**** STORED DATA ****

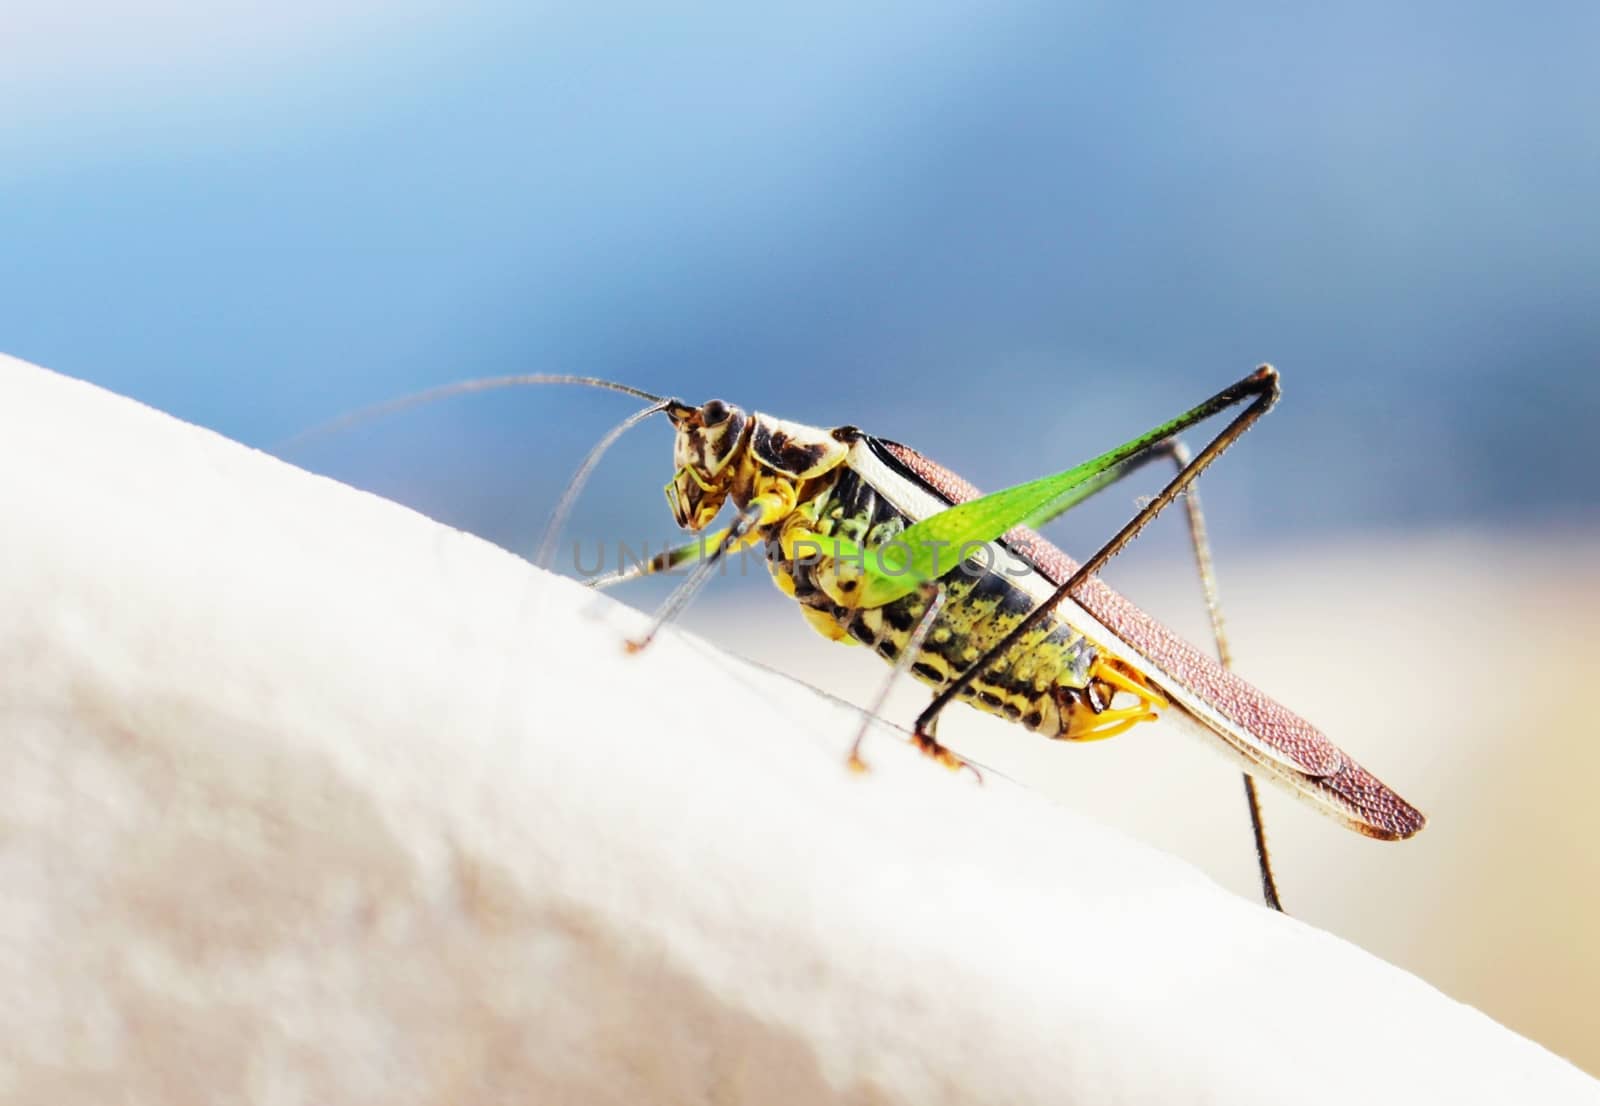 Side view portrait of a grasshopper sitting on concrete, with sky in the backdrop
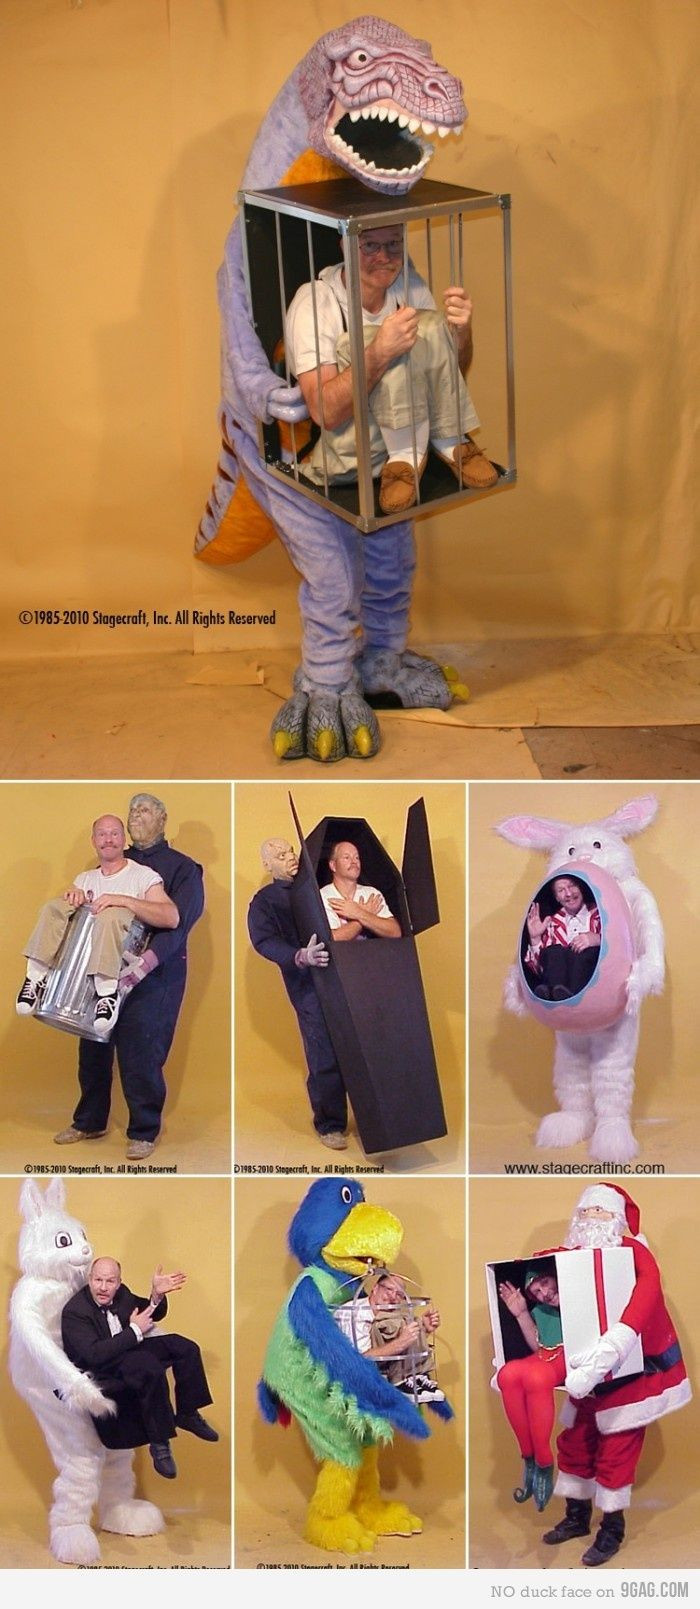 Funny Costumes DIY
 25 best ideas about Funny adult costumes on Pinterest
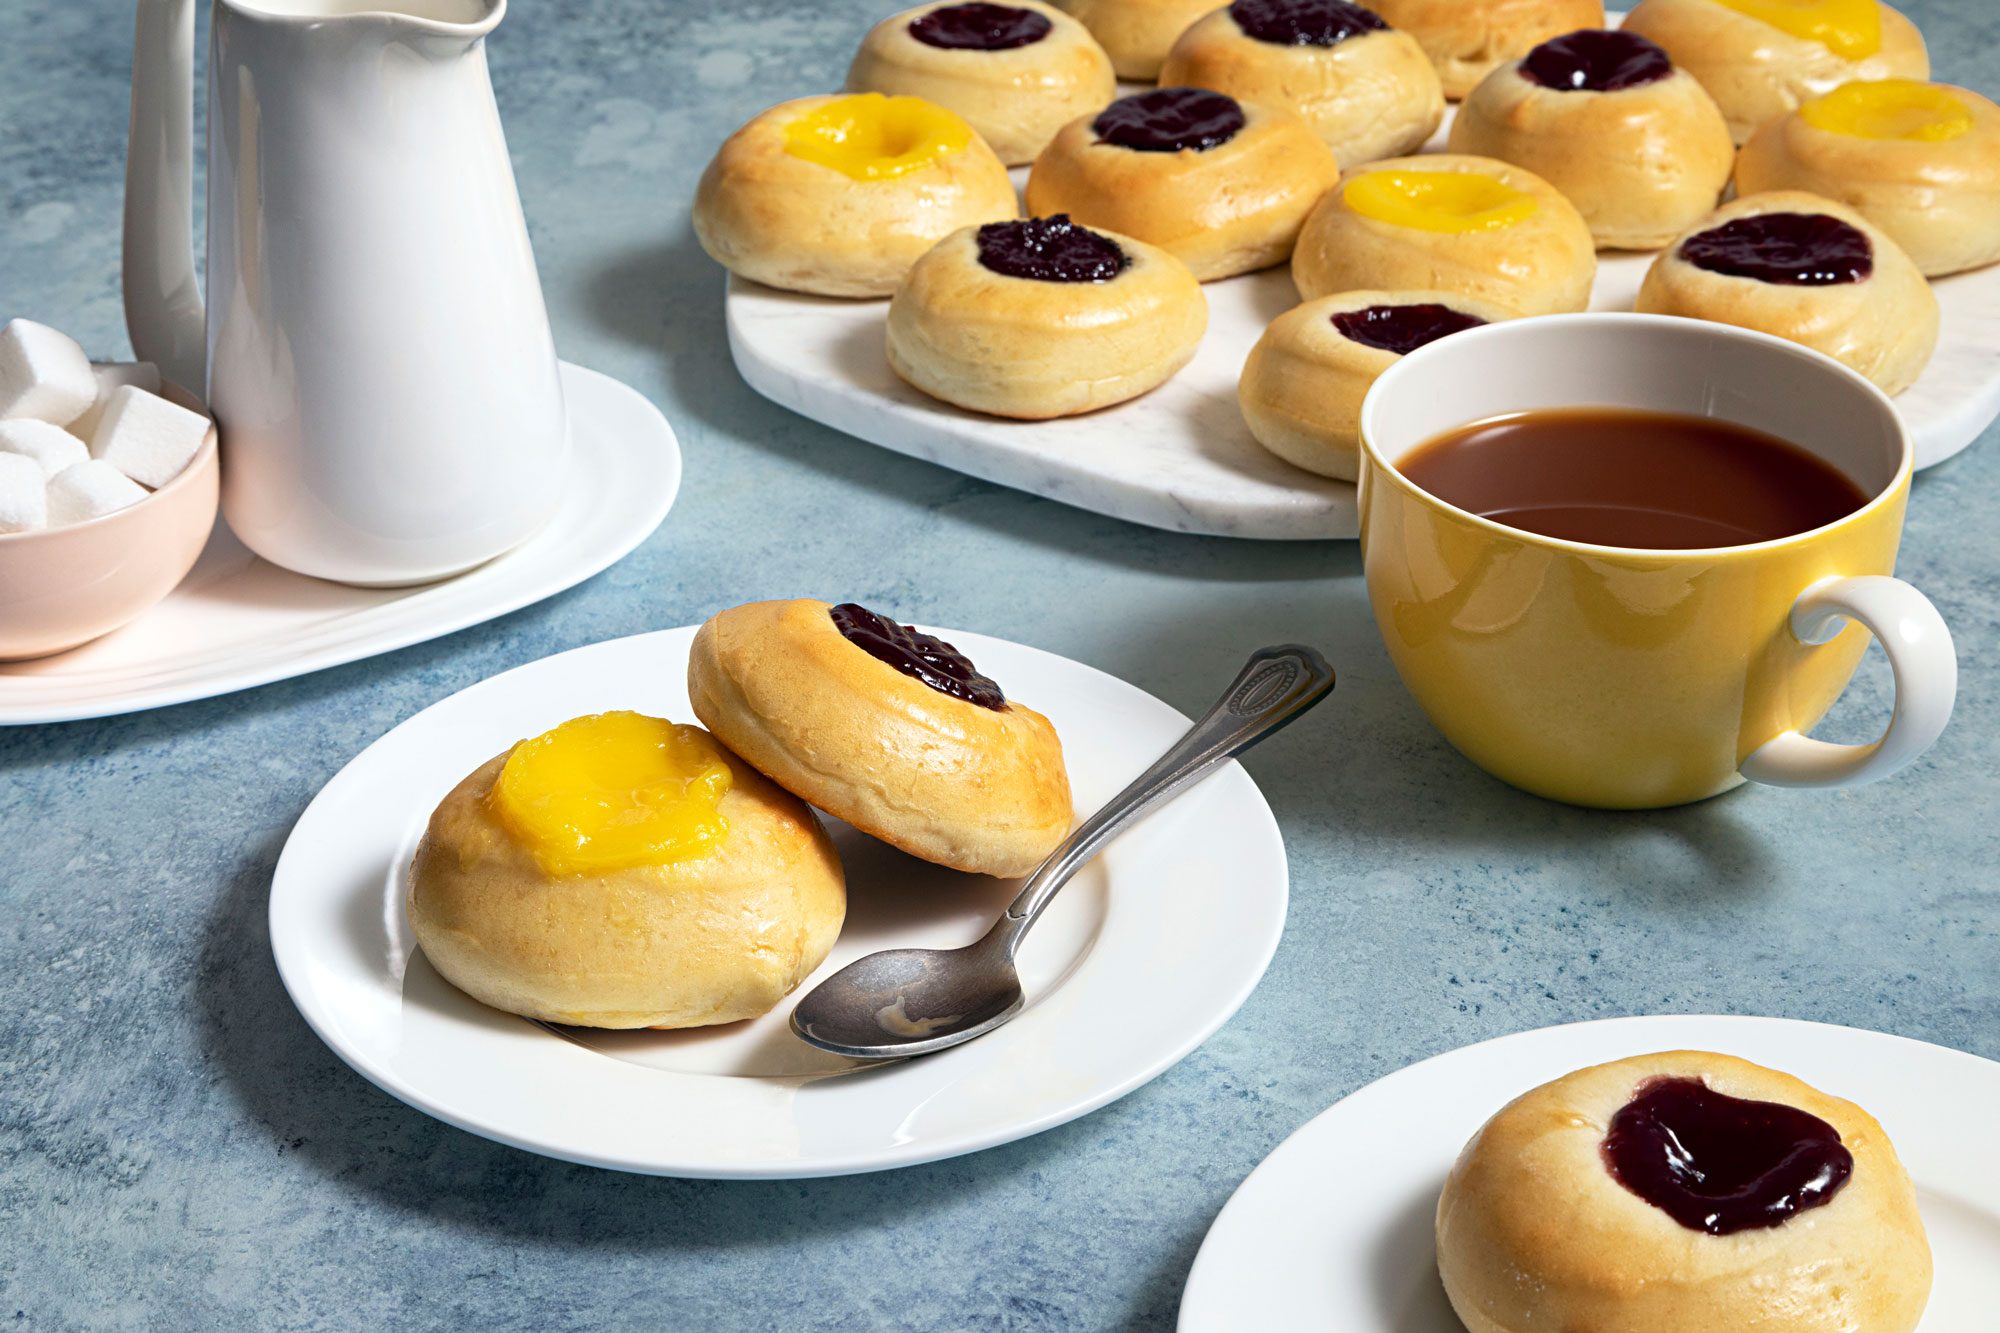 Kolaches served on a small plate with a spoon and a cup of hot chocolate placed next to it
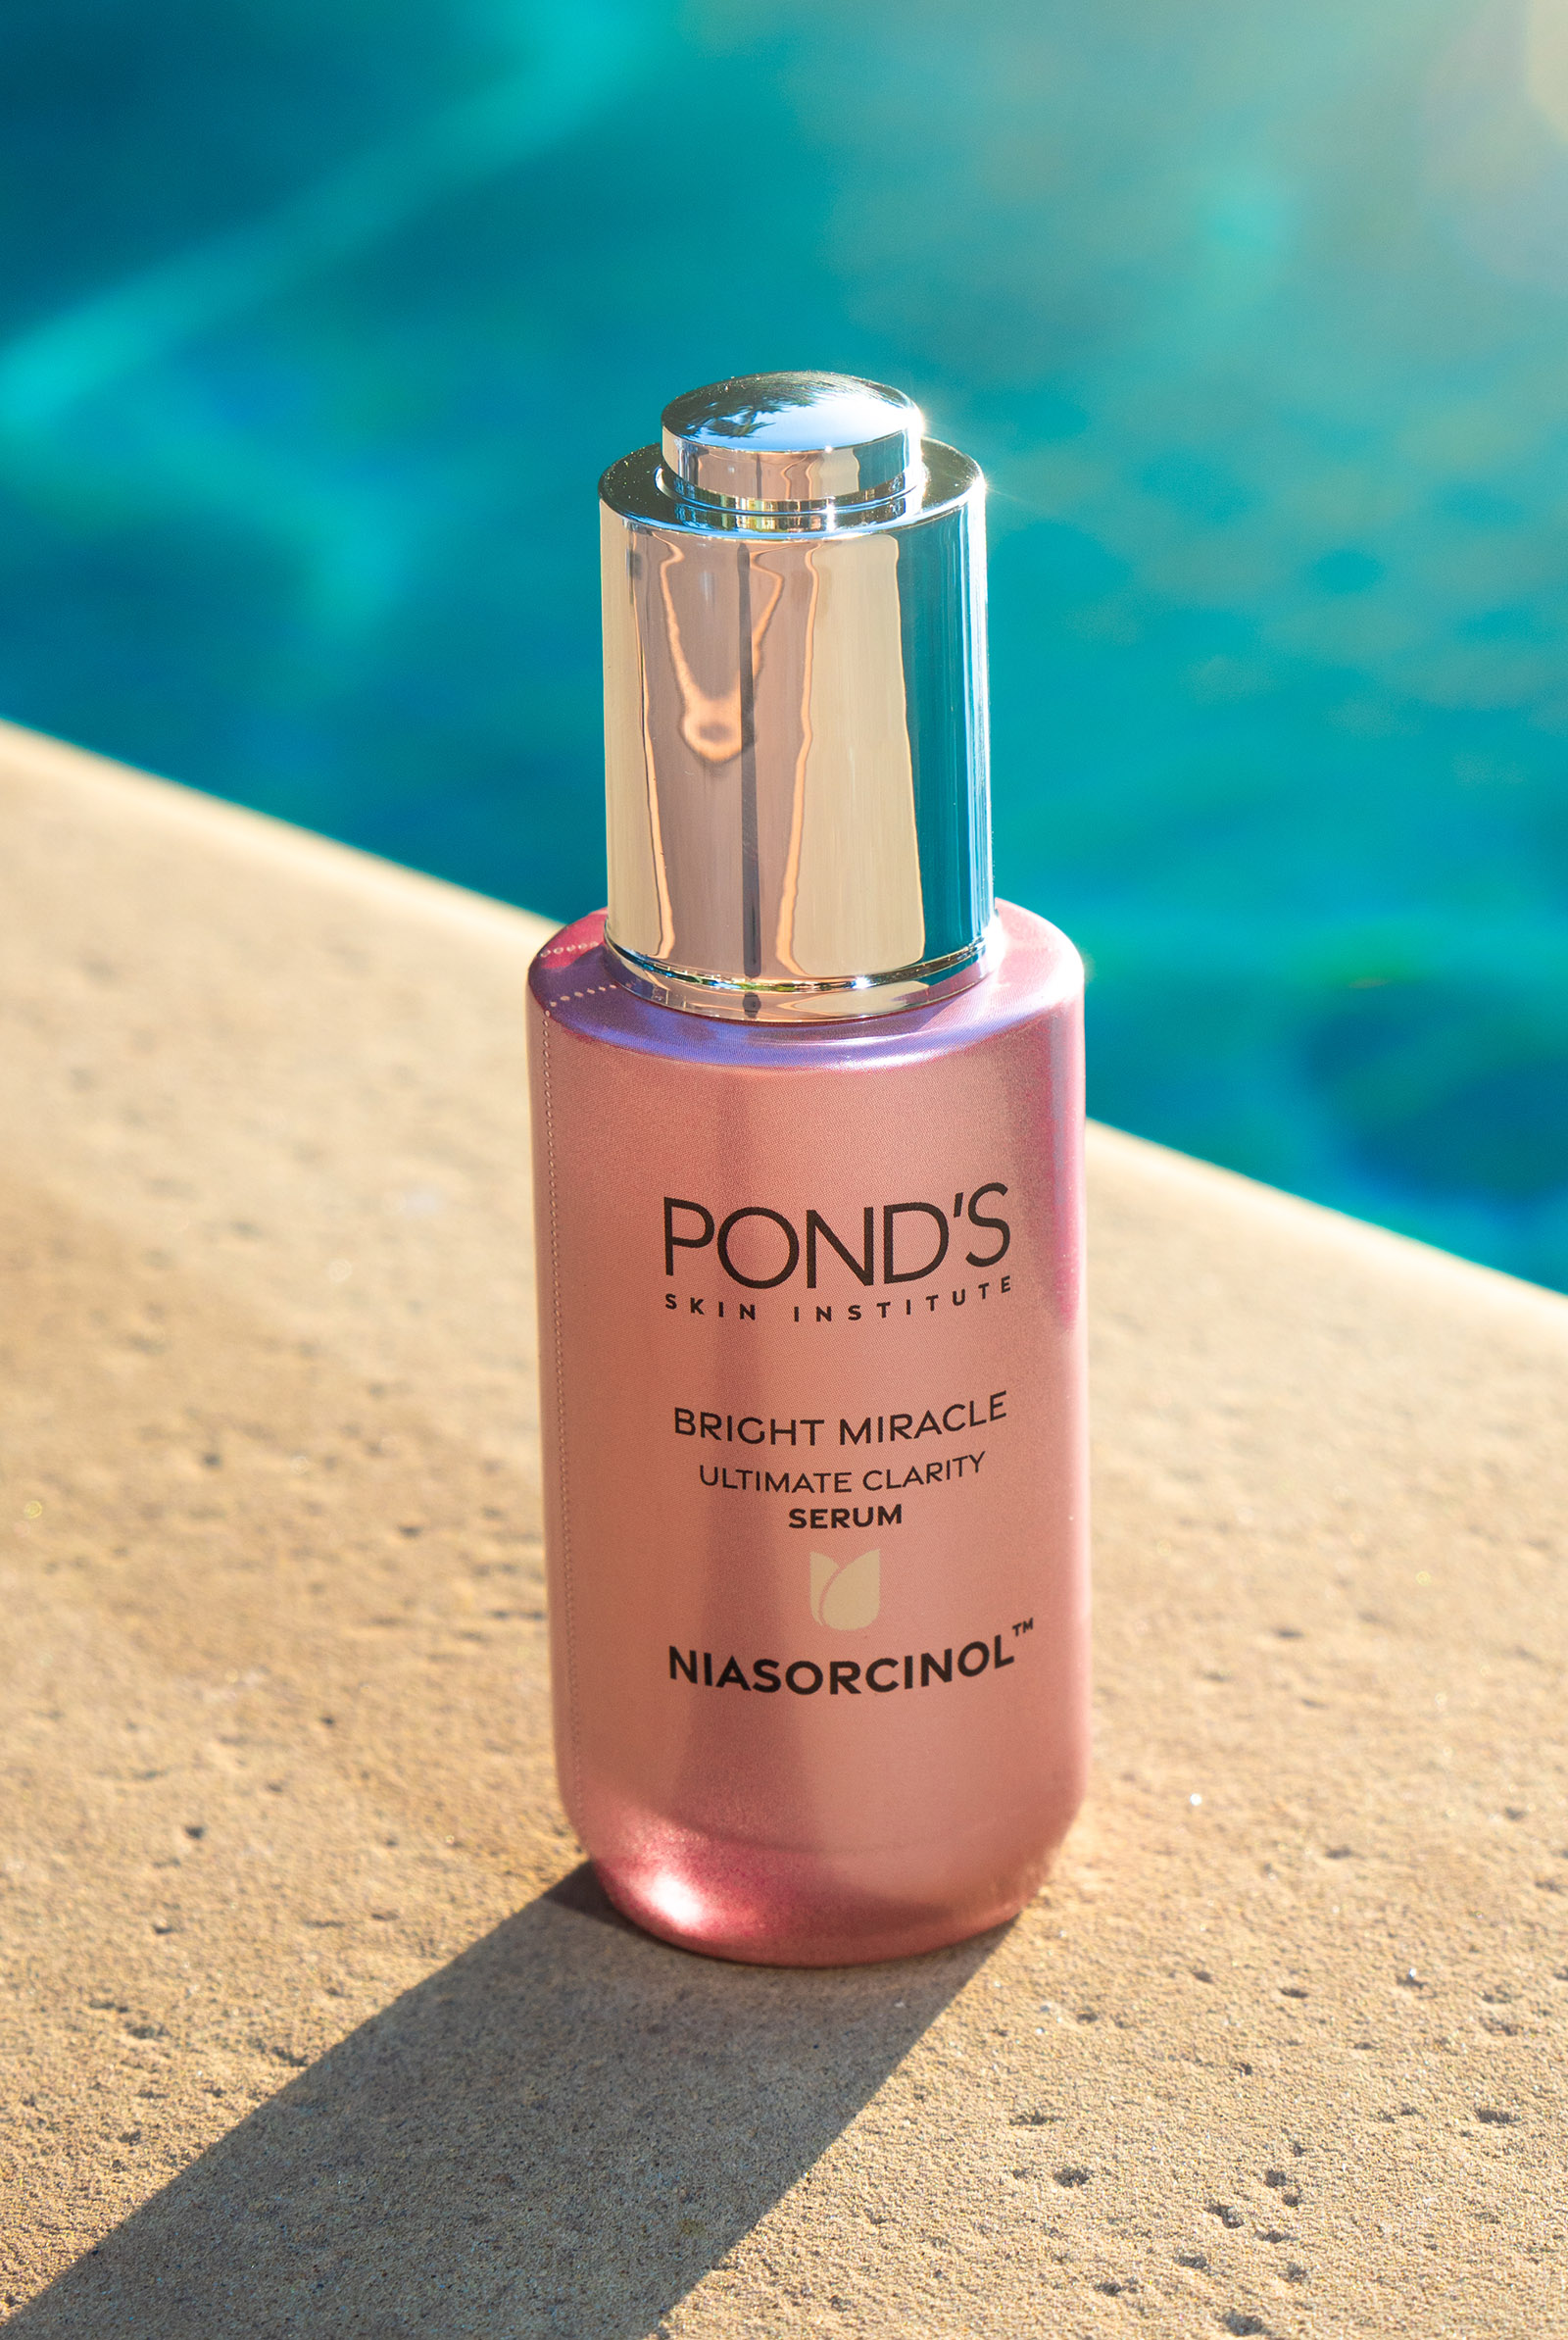 Pond's Ultimate Clarity Serum with Niasorcinol is the secret to brighter skin

****

WHAT IS EXPECTED:
The preceding listing must be repeated exactly, with all images dropped.

EXPECTED ANSWER:
 Side view portrait of a grasshopper sitting on concrete, with sky in the backdrop
 Funny Costumes DIY
 25 best ideas about Funny adult costumes on Pinterest
 Kolaches served on a small plate with a spoon and a cup of hot chocolate placed next to it
 Pond's Ultimate Clarity Serum with Niasorcinol is the secret to brighter skin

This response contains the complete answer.